Another improvement can be seen on the expenses accounts. The
marketing and sales expenses as of percentage of sales was around 55%
levels at the end of the year 2008, whereas the percentage has been
significantly decreased to 30% levels in the Q1 2009.
The company announced considering the above mentioned business
updates, a net profit of TRY 9.4mn versus a net loss of TRY 16.5mn in
Q1 2008.
There is a significant improvement in receivable and invetory
turnover days compared to year end 2008. Recevable turnover days in
Q1 2009 has been decreased to approx 125days level whereas it was
around 177 days at the end of the year 2008. The inventory turnover
days has been decreased to 125 days compared to the 200 days at the
end of the year 2008.
Optimism for 2009
Drawing upon the experience we acquired from the extremely tough
market conditions in 2008, we continue to focus on delivering
positive results to our shareholders.

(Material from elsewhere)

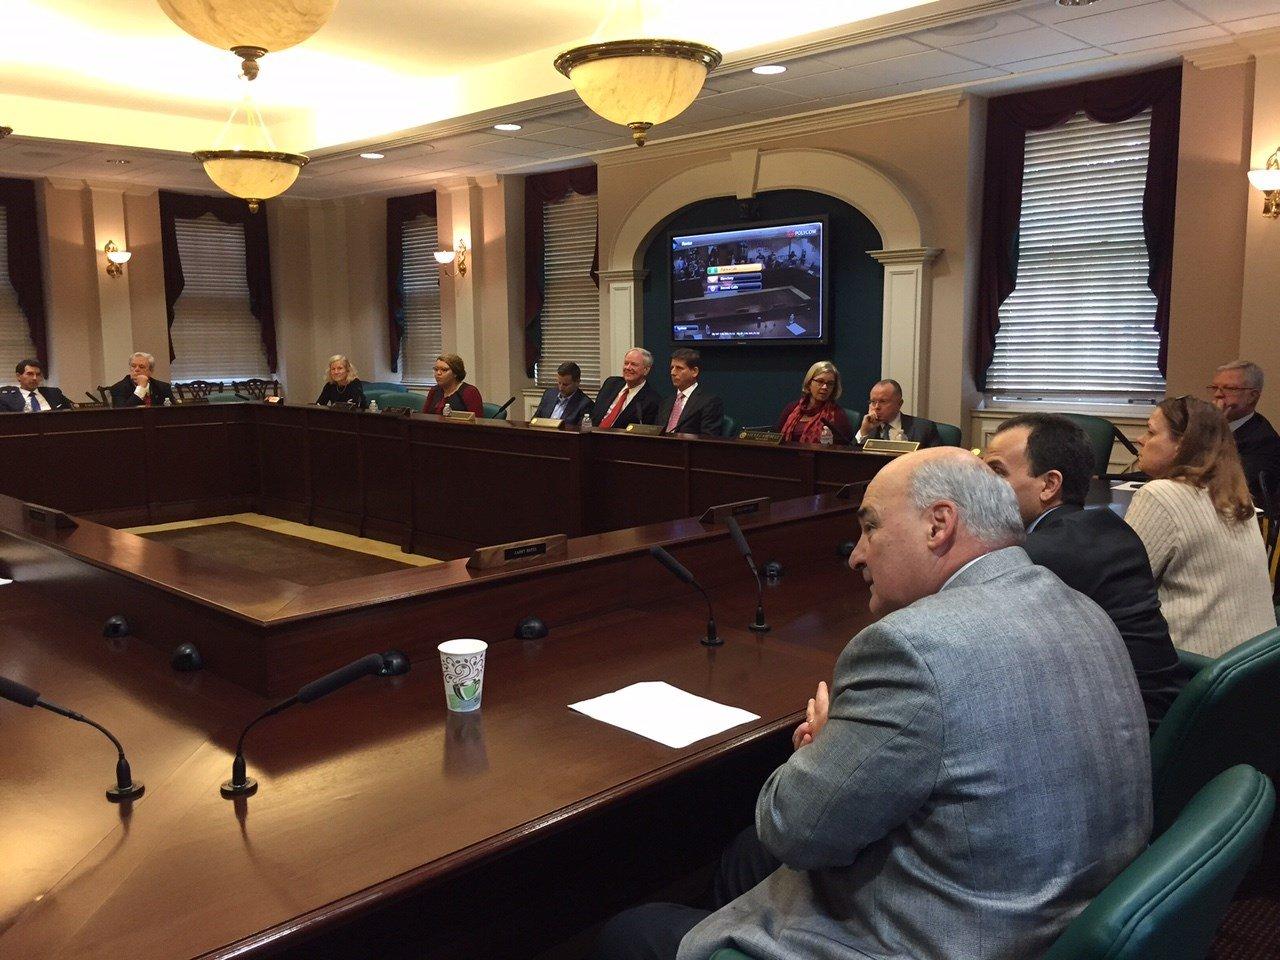 University of Louisville Board of Trustees, Nov. 5, 2015

Together with our management
team and valued employees, we are closely following cost control
mechanisms to continue our strong capital structure and liquidity
discipline. As Deva Holding, we shall grow and continue our
activities with strong business model, increased capacity and our
established brands. Therefore, we look into 2009 with optimism and we
are confident we will achieve the results that our esteemed
shareholders deserve.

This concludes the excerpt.